52  

Вот он пляшет на скале, голый, словно только что на свет явился, и топает босыми пятками, и хлопает себя по коленям, то выпятит, то втянет свой белый живот, как в цирке воздушный шар надувают.

Она зажмурилась и стала читать молитву.

Три часа это длилось, наконец она не выдержала:

— Чарли, Чарли, иди же сюда! Я тебе что-то скажу!

Он спорхнул к ней, точно лист с дерева,— слава Богу, одетый.

— Чарли,— сказала она, глядя на сосны,— я вижу палец твоей правой ноги. Вот он!

— Правда видишь? — спросил он.

— Да,— сокрушенно подтвердила она.— Вон, на траве, похож на рогатую лягушку. А вот там, вверху, твое левое ухо висит в воздухе — совсем как розовая бабочка.

Чарли заплясал.

— Появился, появился!

Старуха кивнула.

— А вон твоя щиколотка показалась.

— Верни мне обе ноги! — приказал Чарли.

— Получай.

— А руки, руки как?

— Вижу, вижу: одна ползет по колену, словно паук коси-коси-ножка!

— А вторая?

— Тоже ползет.

— А тело у меня есть?

— Уже проступает, все как надо...

— Теперь верни мне голову, и я пойду домой.

«Домой»,— тоскливо подумала Старуха.

— Нет! — упрямо, сердито крикнула она.— Нет у тебя головы!

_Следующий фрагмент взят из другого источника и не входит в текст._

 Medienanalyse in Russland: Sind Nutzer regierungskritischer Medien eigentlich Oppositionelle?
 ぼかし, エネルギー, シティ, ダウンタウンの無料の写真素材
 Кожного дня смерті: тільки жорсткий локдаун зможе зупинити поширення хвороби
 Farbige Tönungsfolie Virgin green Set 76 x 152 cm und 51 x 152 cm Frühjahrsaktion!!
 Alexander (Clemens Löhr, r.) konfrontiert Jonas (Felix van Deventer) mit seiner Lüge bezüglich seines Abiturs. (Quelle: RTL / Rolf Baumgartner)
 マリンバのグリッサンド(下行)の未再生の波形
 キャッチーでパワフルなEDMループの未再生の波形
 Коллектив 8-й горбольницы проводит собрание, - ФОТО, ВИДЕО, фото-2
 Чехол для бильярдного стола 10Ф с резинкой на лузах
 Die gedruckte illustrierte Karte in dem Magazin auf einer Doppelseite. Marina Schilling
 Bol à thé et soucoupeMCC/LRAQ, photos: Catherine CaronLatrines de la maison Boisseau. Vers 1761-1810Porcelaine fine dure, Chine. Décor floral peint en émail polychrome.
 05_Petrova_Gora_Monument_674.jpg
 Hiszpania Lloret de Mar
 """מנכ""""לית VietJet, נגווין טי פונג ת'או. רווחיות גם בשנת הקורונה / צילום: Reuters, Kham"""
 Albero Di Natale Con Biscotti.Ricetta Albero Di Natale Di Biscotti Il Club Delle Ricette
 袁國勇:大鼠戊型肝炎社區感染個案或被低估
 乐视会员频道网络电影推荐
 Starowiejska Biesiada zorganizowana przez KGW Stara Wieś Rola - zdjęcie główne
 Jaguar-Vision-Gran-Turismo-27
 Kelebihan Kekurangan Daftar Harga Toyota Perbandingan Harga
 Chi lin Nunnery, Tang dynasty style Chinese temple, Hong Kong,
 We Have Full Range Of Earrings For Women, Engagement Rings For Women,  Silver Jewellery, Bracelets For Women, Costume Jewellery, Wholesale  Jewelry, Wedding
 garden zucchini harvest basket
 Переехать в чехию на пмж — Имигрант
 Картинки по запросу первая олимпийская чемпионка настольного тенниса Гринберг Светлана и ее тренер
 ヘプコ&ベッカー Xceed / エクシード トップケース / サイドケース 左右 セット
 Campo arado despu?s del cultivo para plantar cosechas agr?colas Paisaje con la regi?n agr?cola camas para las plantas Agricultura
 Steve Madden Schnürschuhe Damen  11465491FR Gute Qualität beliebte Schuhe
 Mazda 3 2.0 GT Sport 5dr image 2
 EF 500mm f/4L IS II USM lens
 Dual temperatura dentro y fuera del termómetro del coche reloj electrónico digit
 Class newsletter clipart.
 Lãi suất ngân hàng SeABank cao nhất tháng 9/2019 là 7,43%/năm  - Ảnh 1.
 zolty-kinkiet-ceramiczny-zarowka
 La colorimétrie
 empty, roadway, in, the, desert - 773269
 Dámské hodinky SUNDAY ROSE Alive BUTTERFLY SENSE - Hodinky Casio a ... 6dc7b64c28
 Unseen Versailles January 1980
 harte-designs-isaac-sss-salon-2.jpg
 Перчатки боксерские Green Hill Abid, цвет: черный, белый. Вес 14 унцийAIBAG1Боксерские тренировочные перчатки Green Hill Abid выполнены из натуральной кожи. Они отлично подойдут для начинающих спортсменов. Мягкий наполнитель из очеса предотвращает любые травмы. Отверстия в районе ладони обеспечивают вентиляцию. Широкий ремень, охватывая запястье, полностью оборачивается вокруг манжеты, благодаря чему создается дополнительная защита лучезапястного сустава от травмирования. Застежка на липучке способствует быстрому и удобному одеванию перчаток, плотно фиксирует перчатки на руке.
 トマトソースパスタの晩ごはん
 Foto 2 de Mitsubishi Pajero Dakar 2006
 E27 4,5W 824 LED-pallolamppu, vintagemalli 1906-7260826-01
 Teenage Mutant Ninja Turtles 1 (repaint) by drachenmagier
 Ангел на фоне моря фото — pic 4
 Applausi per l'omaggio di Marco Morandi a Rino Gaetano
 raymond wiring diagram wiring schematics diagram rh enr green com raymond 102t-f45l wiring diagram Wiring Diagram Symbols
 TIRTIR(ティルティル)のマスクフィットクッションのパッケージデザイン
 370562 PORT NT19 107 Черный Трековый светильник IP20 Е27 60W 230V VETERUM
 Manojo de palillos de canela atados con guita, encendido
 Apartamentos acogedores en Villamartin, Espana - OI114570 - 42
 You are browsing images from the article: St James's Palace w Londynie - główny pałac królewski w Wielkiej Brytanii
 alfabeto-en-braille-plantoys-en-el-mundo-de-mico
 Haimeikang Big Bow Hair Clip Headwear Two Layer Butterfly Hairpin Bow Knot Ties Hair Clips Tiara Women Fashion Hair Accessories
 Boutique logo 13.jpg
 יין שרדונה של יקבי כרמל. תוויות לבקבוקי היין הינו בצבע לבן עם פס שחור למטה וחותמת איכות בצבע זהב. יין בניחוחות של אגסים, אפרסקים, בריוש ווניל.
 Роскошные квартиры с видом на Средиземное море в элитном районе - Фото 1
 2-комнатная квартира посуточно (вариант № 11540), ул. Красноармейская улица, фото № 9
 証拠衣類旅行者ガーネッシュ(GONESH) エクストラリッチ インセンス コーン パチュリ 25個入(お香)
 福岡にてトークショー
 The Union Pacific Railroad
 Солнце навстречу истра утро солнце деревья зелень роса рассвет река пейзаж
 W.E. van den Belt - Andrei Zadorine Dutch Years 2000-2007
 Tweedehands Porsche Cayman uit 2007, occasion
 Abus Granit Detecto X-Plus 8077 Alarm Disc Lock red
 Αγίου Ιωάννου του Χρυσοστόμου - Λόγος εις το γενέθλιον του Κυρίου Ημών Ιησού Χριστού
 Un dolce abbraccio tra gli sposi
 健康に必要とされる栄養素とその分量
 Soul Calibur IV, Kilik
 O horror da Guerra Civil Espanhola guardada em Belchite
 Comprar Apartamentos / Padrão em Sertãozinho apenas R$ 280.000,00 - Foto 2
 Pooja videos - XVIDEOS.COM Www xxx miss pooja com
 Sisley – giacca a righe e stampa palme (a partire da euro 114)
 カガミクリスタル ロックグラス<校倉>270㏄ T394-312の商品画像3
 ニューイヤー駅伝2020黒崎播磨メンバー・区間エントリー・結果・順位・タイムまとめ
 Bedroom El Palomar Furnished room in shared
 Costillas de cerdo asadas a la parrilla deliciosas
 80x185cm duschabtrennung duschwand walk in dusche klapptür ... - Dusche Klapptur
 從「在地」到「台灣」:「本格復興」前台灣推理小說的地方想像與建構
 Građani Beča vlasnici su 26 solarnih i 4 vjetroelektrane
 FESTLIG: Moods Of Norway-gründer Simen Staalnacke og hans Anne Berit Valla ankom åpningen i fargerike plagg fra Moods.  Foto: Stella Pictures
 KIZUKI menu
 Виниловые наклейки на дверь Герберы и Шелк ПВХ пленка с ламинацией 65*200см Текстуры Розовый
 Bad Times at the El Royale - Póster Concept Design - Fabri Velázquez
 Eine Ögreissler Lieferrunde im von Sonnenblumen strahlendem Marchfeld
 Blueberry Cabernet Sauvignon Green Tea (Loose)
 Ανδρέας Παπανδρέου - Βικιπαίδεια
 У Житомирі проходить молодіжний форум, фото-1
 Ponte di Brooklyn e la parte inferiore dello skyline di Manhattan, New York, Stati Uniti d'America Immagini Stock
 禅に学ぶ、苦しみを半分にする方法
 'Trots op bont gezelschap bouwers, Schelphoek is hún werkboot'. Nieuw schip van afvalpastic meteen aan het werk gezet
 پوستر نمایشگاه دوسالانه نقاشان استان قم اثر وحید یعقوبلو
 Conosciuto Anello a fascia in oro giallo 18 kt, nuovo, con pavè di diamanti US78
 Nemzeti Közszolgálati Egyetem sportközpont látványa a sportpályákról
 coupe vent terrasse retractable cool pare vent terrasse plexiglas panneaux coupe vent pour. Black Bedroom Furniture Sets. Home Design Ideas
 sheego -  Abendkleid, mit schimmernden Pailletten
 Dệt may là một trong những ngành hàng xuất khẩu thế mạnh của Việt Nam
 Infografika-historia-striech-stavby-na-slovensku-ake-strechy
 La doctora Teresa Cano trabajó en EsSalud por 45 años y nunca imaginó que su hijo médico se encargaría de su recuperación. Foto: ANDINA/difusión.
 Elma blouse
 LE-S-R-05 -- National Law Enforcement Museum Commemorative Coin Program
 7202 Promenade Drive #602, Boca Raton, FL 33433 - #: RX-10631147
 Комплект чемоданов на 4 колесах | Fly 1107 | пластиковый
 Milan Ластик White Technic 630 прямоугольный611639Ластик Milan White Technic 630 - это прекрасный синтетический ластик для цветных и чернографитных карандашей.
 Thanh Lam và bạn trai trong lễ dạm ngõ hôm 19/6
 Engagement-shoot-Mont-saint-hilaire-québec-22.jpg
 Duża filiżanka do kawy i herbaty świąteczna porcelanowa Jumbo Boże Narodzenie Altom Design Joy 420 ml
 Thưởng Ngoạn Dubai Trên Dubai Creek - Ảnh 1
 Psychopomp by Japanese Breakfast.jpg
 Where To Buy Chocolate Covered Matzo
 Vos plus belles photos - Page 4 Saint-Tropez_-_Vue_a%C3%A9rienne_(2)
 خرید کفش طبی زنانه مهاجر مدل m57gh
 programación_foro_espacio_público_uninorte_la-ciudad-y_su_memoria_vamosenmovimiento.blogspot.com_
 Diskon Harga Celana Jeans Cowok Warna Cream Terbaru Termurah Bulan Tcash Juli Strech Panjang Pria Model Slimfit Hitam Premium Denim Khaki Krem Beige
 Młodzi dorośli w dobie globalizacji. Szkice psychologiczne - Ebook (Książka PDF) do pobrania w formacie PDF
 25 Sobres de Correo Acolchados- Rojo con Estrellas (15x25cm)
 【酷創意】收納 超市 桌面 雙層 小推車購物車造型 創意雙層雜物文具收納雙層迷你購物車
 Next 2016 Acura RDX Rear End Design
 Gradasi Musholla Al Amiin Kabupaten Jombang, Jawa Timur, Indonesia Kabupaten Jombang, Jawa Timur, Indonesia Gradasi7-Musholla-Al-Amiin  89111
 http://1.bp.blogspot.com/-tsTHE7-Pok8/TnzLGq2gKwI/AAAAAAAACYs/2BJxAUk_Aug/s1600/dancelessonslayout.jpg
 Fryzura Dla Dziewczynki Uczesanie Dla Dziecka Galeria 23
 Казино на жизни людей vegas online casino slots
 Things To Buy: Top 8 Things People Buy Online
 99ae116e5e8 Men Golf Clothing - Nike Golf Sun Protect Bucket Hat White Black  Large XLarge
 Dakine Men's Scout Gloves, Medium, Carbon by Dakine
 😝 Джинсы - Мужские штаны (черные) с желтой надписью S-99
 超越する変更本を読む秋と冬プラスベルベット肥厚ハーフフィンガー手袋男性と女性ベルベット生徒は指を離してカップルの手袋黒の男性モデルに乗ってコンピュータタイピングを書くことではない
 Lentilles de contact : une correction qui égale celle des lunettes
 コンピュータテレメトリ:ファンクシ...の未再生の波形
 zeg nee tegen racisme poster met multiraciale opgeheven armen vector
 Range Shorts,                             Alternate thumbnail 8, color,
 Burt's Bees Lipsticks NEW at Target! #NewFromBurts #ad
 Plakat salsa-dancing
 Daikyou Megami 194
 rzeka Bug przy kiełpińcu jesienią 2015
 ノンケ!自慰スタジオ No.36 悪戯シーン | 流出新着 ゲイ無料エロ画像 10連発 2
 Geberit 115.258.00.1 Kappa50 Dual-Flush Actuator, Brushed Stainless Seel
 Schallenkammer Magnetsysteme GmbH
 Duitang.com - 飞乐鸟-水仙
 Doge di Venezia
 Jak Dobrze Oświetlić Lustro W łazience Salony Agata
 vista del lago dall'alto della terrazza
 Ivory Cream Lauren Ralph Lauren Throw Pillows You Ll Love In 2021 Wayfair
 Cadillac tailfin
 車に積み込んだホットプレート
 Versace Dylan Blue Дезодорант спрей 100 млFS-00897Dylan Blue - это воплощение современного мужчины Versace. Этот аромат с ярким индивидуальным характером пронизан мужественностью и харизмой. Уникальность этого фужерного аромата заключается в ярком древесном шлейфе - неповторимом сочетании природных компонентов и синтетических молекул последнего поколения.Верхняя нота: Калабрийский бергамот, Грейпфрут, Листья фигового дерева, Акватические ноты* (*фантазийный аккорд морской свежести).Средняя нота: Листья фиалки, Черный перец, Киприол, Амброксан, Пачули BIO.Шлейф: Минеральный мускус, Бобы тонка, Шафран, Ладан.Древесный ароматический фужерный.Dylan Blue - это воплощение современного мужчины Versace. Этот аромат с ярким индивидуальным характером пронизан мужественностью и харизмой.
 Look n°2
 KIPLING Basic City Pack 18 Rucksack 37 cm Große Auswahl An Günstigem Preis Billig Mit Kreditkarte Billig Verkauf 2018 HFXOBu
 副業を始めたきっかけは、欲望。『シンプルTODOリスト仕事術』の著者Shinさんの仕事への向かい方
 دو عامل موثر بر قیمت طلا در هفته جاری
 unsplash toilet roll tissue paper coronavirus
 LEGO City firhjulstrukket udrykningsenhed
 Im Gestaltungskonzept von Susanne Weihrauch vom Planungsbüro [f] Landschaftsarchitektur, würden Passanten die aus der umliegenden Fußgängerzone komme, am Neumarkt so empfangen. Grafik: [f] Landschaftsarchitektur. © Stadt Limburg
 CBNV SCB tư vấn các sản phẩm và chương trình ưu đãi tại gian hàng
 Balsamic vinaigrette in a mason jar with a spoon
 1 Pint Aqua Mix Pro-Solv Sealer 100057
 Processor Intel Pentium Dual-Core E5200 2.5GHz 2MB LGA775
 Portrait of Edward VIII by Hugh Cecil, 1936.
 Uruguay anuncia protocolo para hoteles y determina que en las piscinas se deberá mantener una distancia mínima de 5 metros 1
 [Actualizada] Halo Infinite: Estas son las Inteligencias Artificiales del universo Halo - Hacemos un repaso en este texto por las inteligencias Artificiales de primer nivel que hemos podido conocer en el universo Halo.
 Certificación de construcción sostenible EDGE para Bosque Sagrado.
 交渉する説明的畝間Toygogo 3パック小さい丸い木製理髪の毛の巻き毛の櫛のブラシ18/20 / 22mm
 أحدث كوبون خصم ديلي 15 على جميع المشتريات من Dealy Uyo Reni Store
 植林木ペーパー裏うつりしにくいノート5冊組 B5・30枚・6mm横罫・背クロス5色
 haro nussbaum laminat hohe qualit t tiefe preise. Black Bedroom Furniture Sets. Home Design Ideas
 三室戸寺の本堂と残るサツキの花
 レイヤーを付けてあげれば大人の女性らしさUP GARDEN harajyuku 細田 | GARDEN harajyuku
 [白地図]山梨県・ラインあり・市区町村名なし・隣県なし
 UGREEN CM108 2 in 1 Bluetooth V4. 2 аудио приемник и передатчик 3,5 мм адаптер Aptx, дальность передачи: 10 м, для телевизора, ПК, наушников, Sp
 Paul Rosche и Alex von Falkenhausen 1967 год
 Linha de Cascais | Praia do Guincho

Нету!

Оттянуть, сколько можно оттянуть эту минуту...

— Нету головы, нету,—твердила она.

— Совсем нет? — заныл Чарли.

— Есть, есть, о Господи, вернулась твоя паршивая голова! — огрызнулась она, сдаваясь.— А теперь отдай мне мою летучую мышь с иголкой в глазу!

Чарли швырнул ей мышь.

— Эге-гей!

Его крик раскатился по всей долине, и еще долго после того, как он умчался домой, в горах бесновалось эхо.

Старуха, согнутая тяжелой, тупой усталостью, подняла свою вязанку хвороста и побрела к лачуге. Она вздыхала и что-то бормотала себе под нос, и всю дорогу за ней шел Чарли, теперь уже и в самом деле невидимый, она не видела его, только слышала: вот упала на землю сосновая шишка — это он, вот журчит под ногами подземный поток — это он, белка цепляется за ветку — это Чарли; и в сумерках она и Чарли сидели вместе у костра, только он был настоящим невидимкой, и она угощала его свининой, но он отказывался, тогда она все съела сама, потом немного поколдовала и уснула рядом с Чарли, правда, он был сделан из сучьев, тряпок и камешков, но все равно он теплый, все равно ее родимый сыночек — вон как сладко дремлет, ненаглядный, у нее на руках, материнских руках,— и они говорили, сонно говорили о чем-то приятном, о чем-то золотистом, пока рассвет не заставил пламя медленно, медленно поблекнуть...

  Попрыгунчик

За окном маячило холодное серое утро.

Стоя у подоконника, он так и сяк вертел Попрыгунчика в руках, пытаясь открыть заржавевшую крышку,— та все не поддавалась. Где же этот чертик, почему не выскакивает с криком из своего убежища, не хлопает бархатными ладошками и не раскачивается из стороны в сторону с глупой намалеванной улыбкой? Сидит, затаился, весь расплющенный, под крышкой — и не шевелится. Если прижать коробку прямо к уху, слышно, как сильно сжата его пружина — до ужаса, до боли. Словно в руке бьется чье-то испуганное сердечко. А может, это у самого Эдвина пульсирует в руке кровь?

Он отложил коробку и посмотрел в окно. Деревья окружали дом — а дом окружал Эдвина. Эдвин был внутри, в самой серединке. А что же дальше, там, за деревьями?

Чем дольше он вглядывался, тем сильнее верхушки деревьев качались от ветра — словно намеренно скрывая от него правду.

— Эдвин! — За его спиной мама нетерпеливо отхлебывала утренний кофе.— Хватит глазеть в окно. Иди есть.

— Не пойду...

— Что? — Послышался шорох накрахмаленной ткани — наверное, мать повернулась,— Ты хочешь сказать, окно для тебя важнее, чем завтрак?

— Да...— прошептал Эдвин, и взгляд его снова пробежал по тропинкам и закоулкам, исхоженным за тринадцать лет.

Неужели этот лес простирается на тысячи миль и за ним ничего нет? Ничего!..

Взор, так ни за что и не зацепившись, вернулся к дому — к лужайке, к крыльцу...

Эдвин сел за стол и принялся жевать безвкусные абрикосы. Тысячи точно таких же утренних часов провели они с матерью в огромной, гулкой столовой —за этим же столом, у Зтого окна, за которым недвижной стеной стояли деревья.